Carole Freeman: UNSUNG

Page 11

“They [mob] moved closer and closer…Somebody started yelling…I tried to see a friendly face somewhere in the crowd - someone who maybe could help. I looked into the face of an old woman and it seemed a kind face, but when I looked at her again, she spat on me.” Elizabeth Eckford (b. 1941) was part of the “Little Rock Nine”, a group of black students chosen to attend Little Rock Central High School in Arkansas in 1957. Three years earlier, the Supreme Court had ruled segregation in public schools as unconstitutional with the case Brown v. Board of Education of Topeka.
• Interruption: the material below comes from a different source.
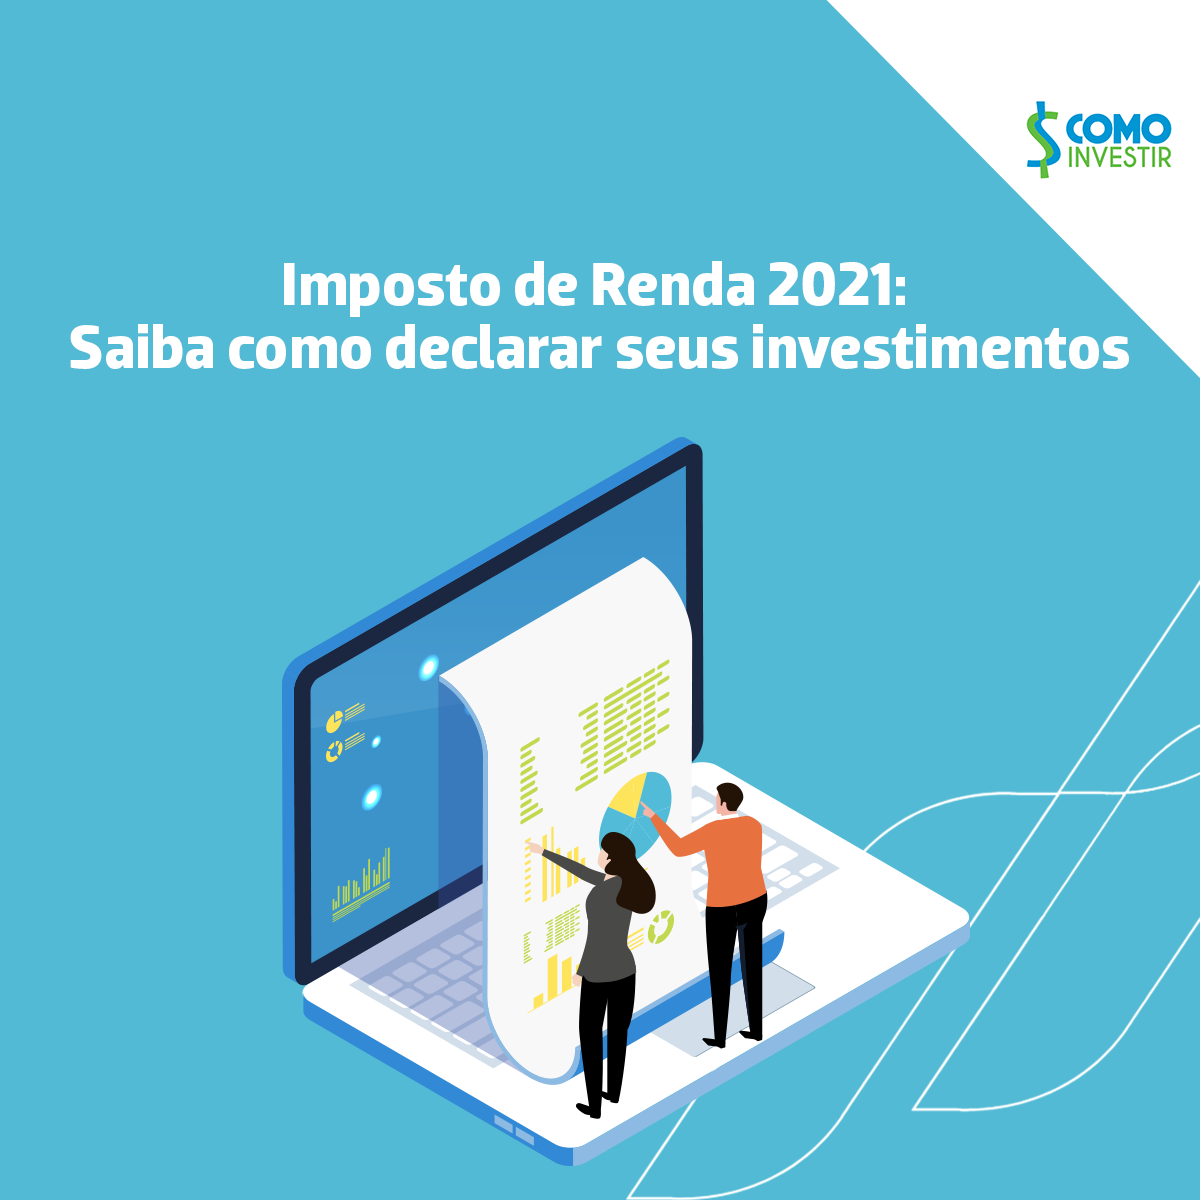 Imposto de Renda 2021: saiba como declarar seus investimentos!

The controversial ruling was met with immense opposition from the white population of Little Rock and its neighboring towns, which led to daily riots protesting Eckford’s attendance at the school. An Associated Press photographer captured an iconic image of Eckford on her first day of school walking alone with her books through a large crowd of protestors, seemingly unfazed by the threats of the mob. The Arkansas National Guardsmen stopped her at the door and she was chased away by the mob. President Eisenhower intervened later that month and the nine students were finally escorted into the school by members of the 101st Airborne. Today, Eckford is a symbol for the Civil Rights Movement and the inequalities that continue to plague the United States.